毕竟这趟旅程有四五个小时的路程,如果是普通硬座的话坐久了会不舒服,花20多美元买臥铺又感觉没必要,所以就选了一等座。
虽说他是受到国会委员会邀请去的华盛顿,但如果受邀人的花费是属於“不必要的花费”。
就比如说像恩尼现在这样,没有选择经济实惠的二等座,而是选择了一等座的话,委员会也是不会报销的。
就算单次花费在25美元之下也不会报销。
不过,恩尼也无所谓这几十美元,只要坐得舒適就行。
他接过售票员给的一张硬质卡纸车票,上面印著“宾夕法尼亚铁路”的字样和车次路线图。
就这么提著行李到了站台,一辆深绿色的火车已经停驻在站台等待。
按照车票上的號码,找到了座位所在的车厢,头等车厢內到处装饰著昂贵的木材,座位也比二等座宽了不少,还铺垫著柔软的绒布,空气中瀰漫著清新的味道。
车厢服务也很不错,恩尼刚走到车厢门口,就有乘务员过来帮他搬运行李——
——嗯,女乘务员的顏值都比较高。
这趟车次的路线是从曼哈顿出发,进入新泽西州,沿著德拉瓦河沿岸向南行驶,之后经过宾夕法尼亚州的费城边界,纵向穿过德拉瓦州和马里兰州,最后抵达华盛顿特区的联合车站。
8点15分整,悠长的汽笛声划破长空,列车启动,缓缓驶出站台。
恩尼买了一份《纽约时报》好消磨这四个多小时的旅途时光。
在报纸的头版新闻上已经出现了国会听证会即將举行的的新闻,此时车厢上的所有人估计都不会想到,那个戴著毡帽正在看报纸的英俊青年,竟会以这么年轻的年纪,就成为国会听证会的受邀证人。

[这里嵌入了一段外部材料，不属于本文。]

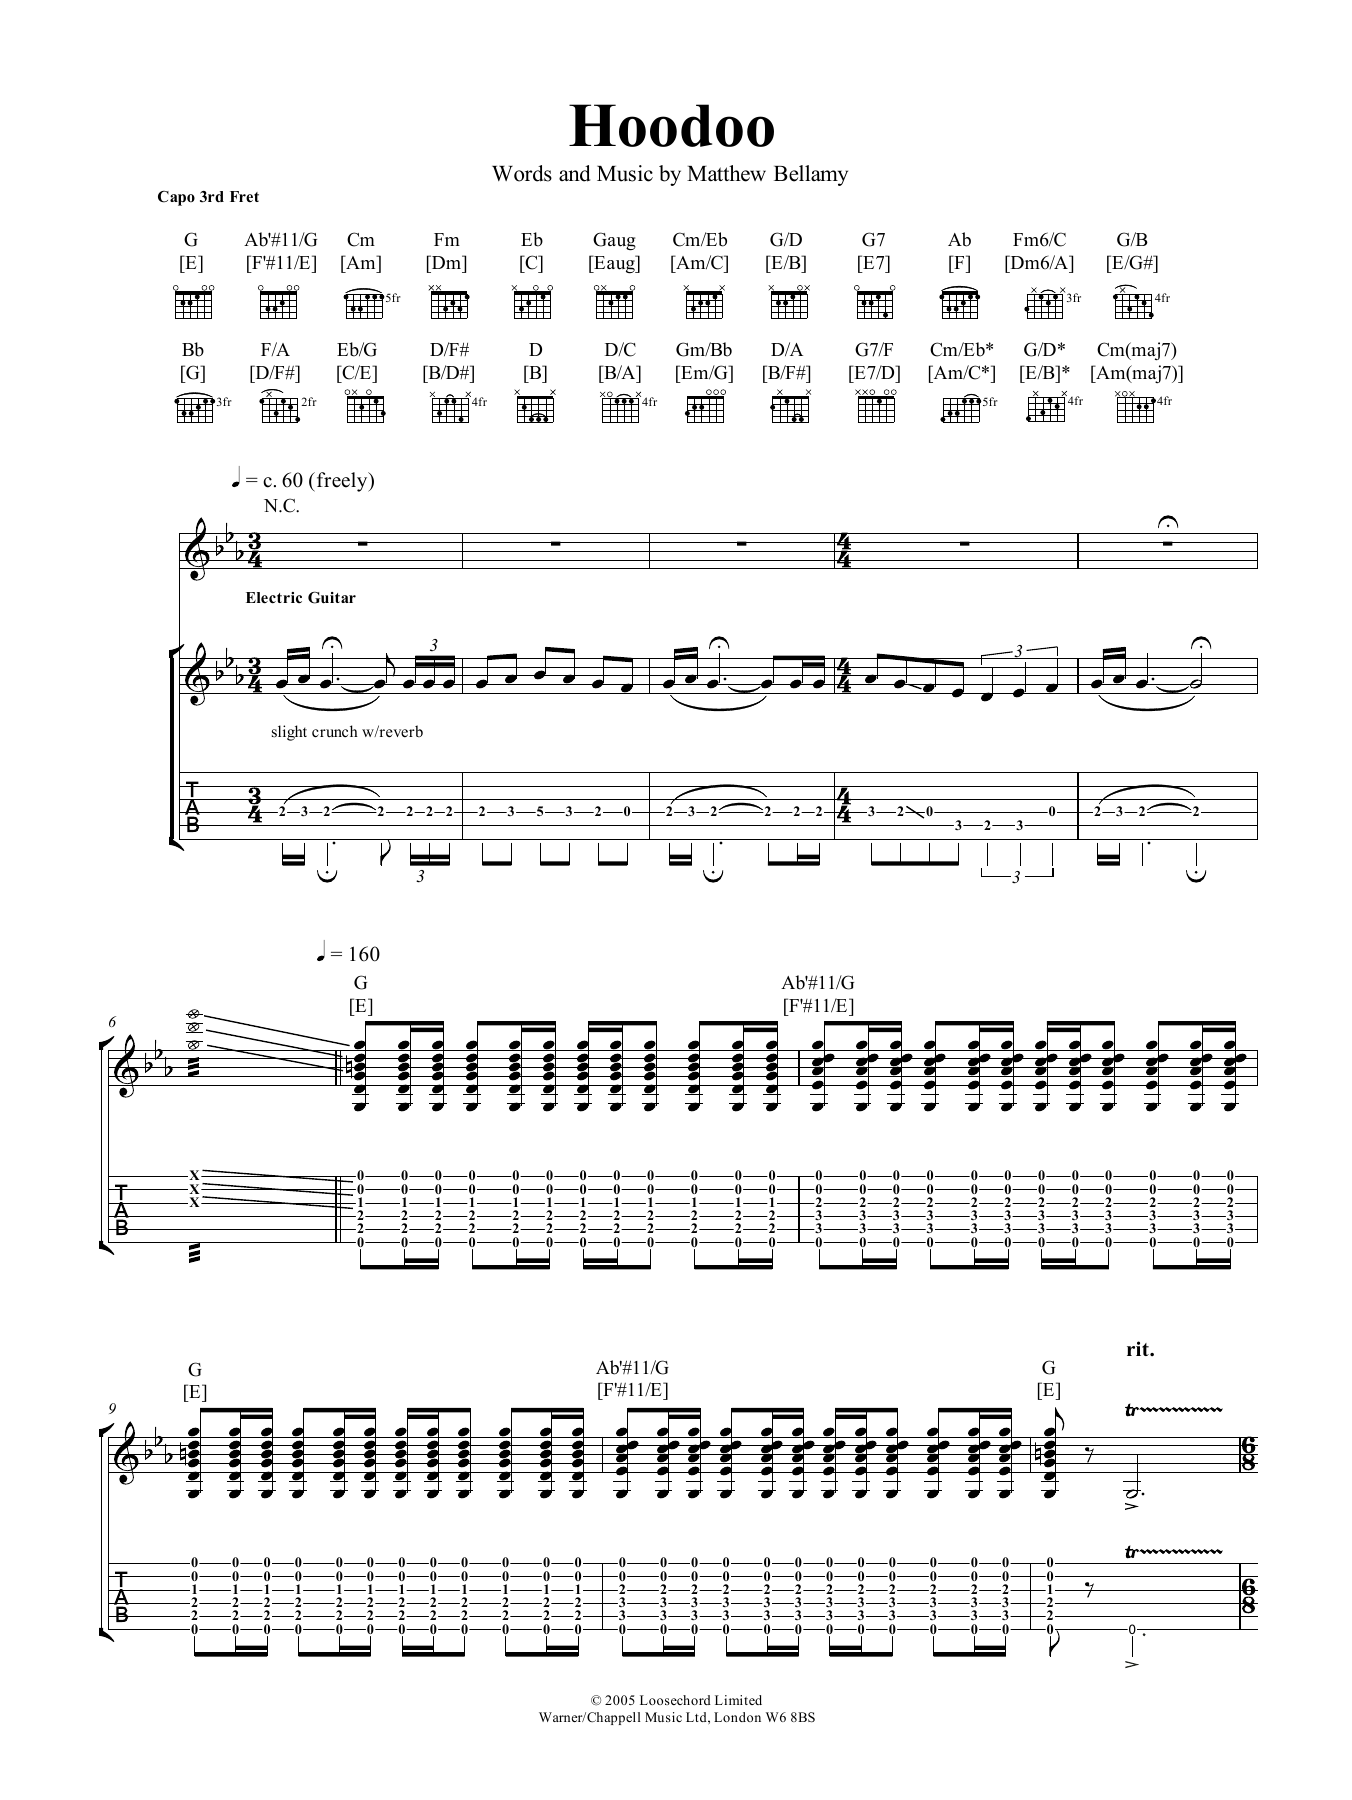 Muse Hoodoo Sheet Music Notes & Chords for Guitar Tab - Download or Print PDF

阅读报纸的时间中,车窗外的景色逐渐从城市变作了新泽西州连绵的沼泽与田野,那些田野中的枯草上覆盖著冬日的薄霜,农舍的炊烟从大地上裊裊升起。
乘务员推著餐车走过,声音清越的喝著卖东西。
虽说行李中有不少玛丽塞进来的食物,但打开去拿太麻烦了————没有人能在打开母亲装好的行李箱后再復原的好吧。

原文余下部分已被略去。